GELEN DAĞCILARA BİLGİ VERİLDİ

Kars Zirve Dağcılık Doğa Sporları Kulübünün trekking etkinliğine eşlik eden Kültürel Miras Uzmanı Faruk Torunoğlu Kilittaşı Köyü ile ilgili olarak şunları söyledi:

"Kilittaşı Ermenistan’ın Ani Krallığının güçlü olduğu dönemde önemli kentlerinden biri olan Pekran ve Bagaran şehirleridir.  Bagaran da önemli bir şehirdir. Selçukluların Anadolu’ya girişi ve Ani’yi fethi ile birlikte Bagratlı Türk hakimiyetine girdi ve belli bir dönem şehir Türk hakimiyetinde kaldı. Yalnız Selçuklularının buradaki hakimiyetini kaybetmesinden sonra şehir tekrar Ermenilerin eline geçti. Bargatuni ailesinin önemli bir kolu olan Zekeryan prensleri tarafından yönetilmeye başladı. Şu anda Kilittaşı’nda 9 tane kiliseden ayakta kalan 2 tanesinin önündeyiz. Birisi Ermenistan sınırları içerisinde sınıra sıfır noktadadır. Bir diğeri Kilittaşı Kilisesinin önündeyiz. Kilisenin alt kısmı bazalt taştan, üst kısmı ise kolay işlenebilen tüf taştan yapılmış durumda. Bunduğumuz bölge ise Kilisenin önündeyiz ama burası eski şehir sularının kalıntılarının bulunduğu bölgedir. Şu anda tam şehir surlarının üstünde duruyoruz. Altımızda ise eski şehrin kalıntılarını görüyoruz. Burası yürüyüş rotası olarak da mükemmel bir rotaya sahip. Çünkü coğrafya harika ve mevsim normallerinin her zaman üzerinde bir sıcaklığa sahip. Zaten belli bir dönemde çok fazla tarımsal ürünün yetiştirilebildiği bir bölgedir. Geçmişte üzüm asmaları olan bir bölge burası. Aynı zamanda trekking gurupları Kars’a yeni gelen misafirlerini ve kamu çalışanlarını Kars’ın doğal ve tarihi göstermek istediklerinde bu bölgeye de getiriyorlar.”
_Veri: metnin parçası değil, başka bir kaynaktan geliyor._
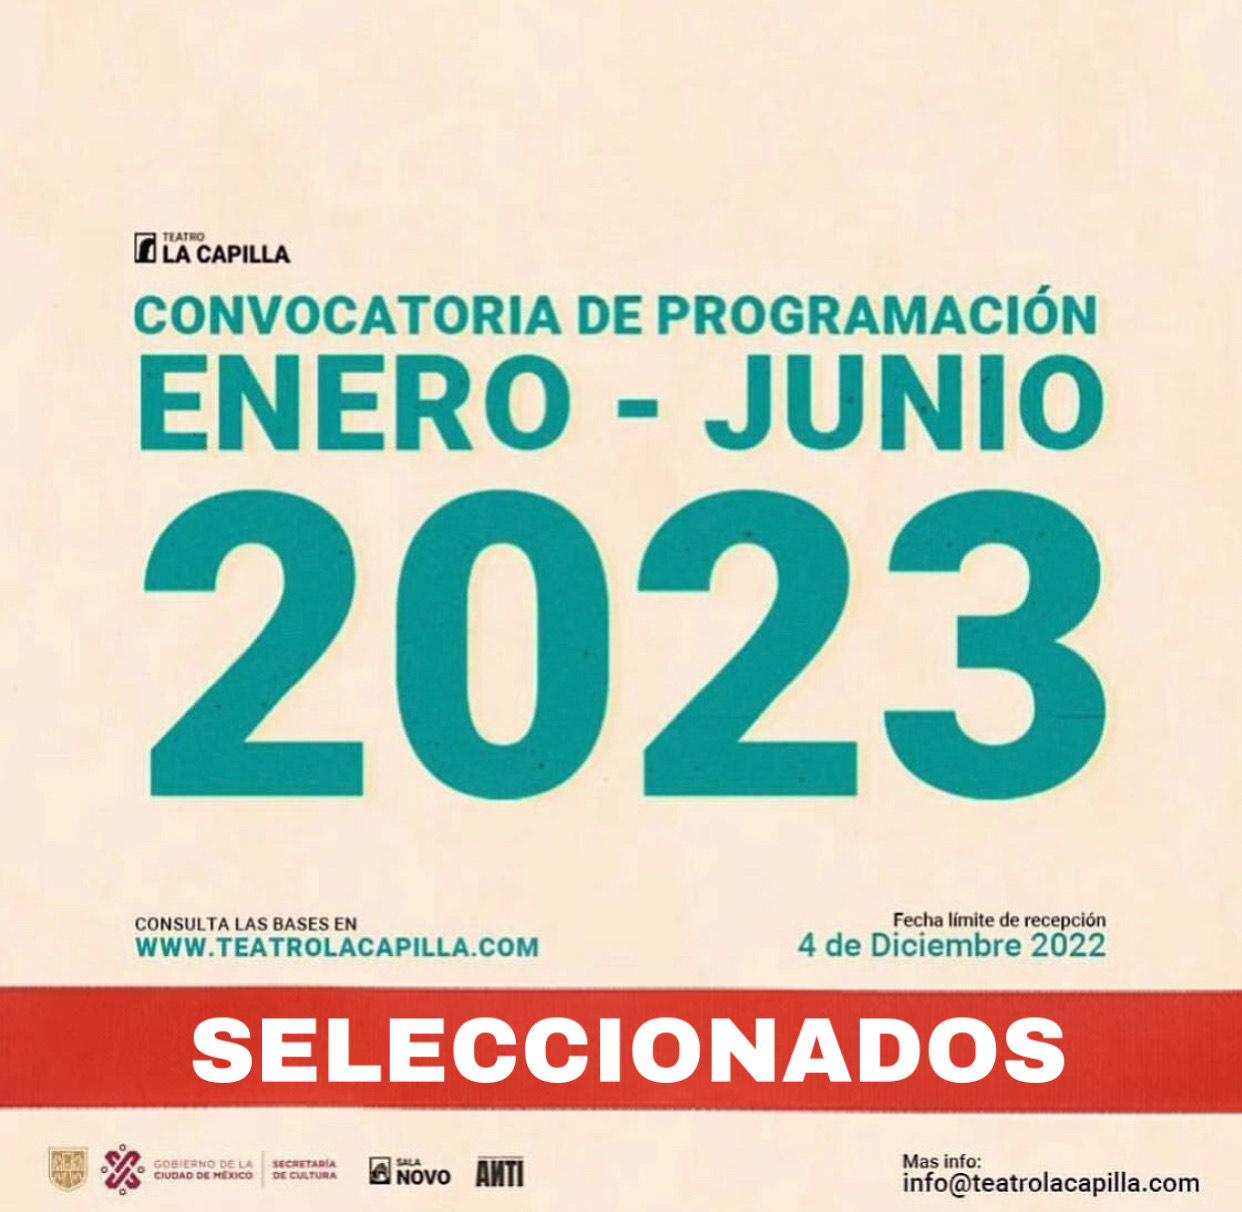 Seleccionados de la convocatoria “Programación 2023 Teatro La Capilla: 70 años de teatro en Madrid 13”

"BÖLGENİN TURİZME KAZANDIRILMASI GEREKİYOR"

Kilittaşı köyünden sonra rotalarını 5 Kilise tarihi alanına çeviren dağcılar, geçmişi yüzlerle yıl öncesine dayanan tarihi kalıntıları gezdiler. Torunoğlu bu gezileri ile ilgili de şu bilgileri verdi:

"Eski adıyla ‘Tekor’ olarak bilinen Digor ilçe merkezine yakın vadinin içinde üç kaya çıkıntısı üzerine 6. yüzyılda Pakraduniler tarafından kurulmuş kiliselerden oluşuyor. Ama sadece Saint Sarkis Mamastırı zamanın ve define avcılarının saldırısına uğramasına rağmen günümüze kadar gelebilmiştir. Turizme açılması gereken bu bölgelerin başında özellikle Magazbert Kalesinin olduğu kısım var.  Fakat o kısımlar gibi bu kısımlarda Türkiye- Ermenistan sınırına sıfır noktada olduğu için genelde turizme kapalı alanladır. Digor Belediyesi'nin, valilik ve kaymakamlığın birlikte bazı bölgelerde turistik alan ve gezi rotaların oluşturulması ile ilgili planlarının ne aşamada olduğunu bilmiyoruz. Tabi ki Kars için önemli bir destinasyon olan bu bögenin de turizme kazandırılması gerekiyor. Sadece buranın mı Horomos Manastırının da, Magazbert’in de turizme kazandırılması gerek. Çünkü Kars’ta konaklama sayısını arttırmak istiyorsak alternatifler sağlamamız gerekiyor."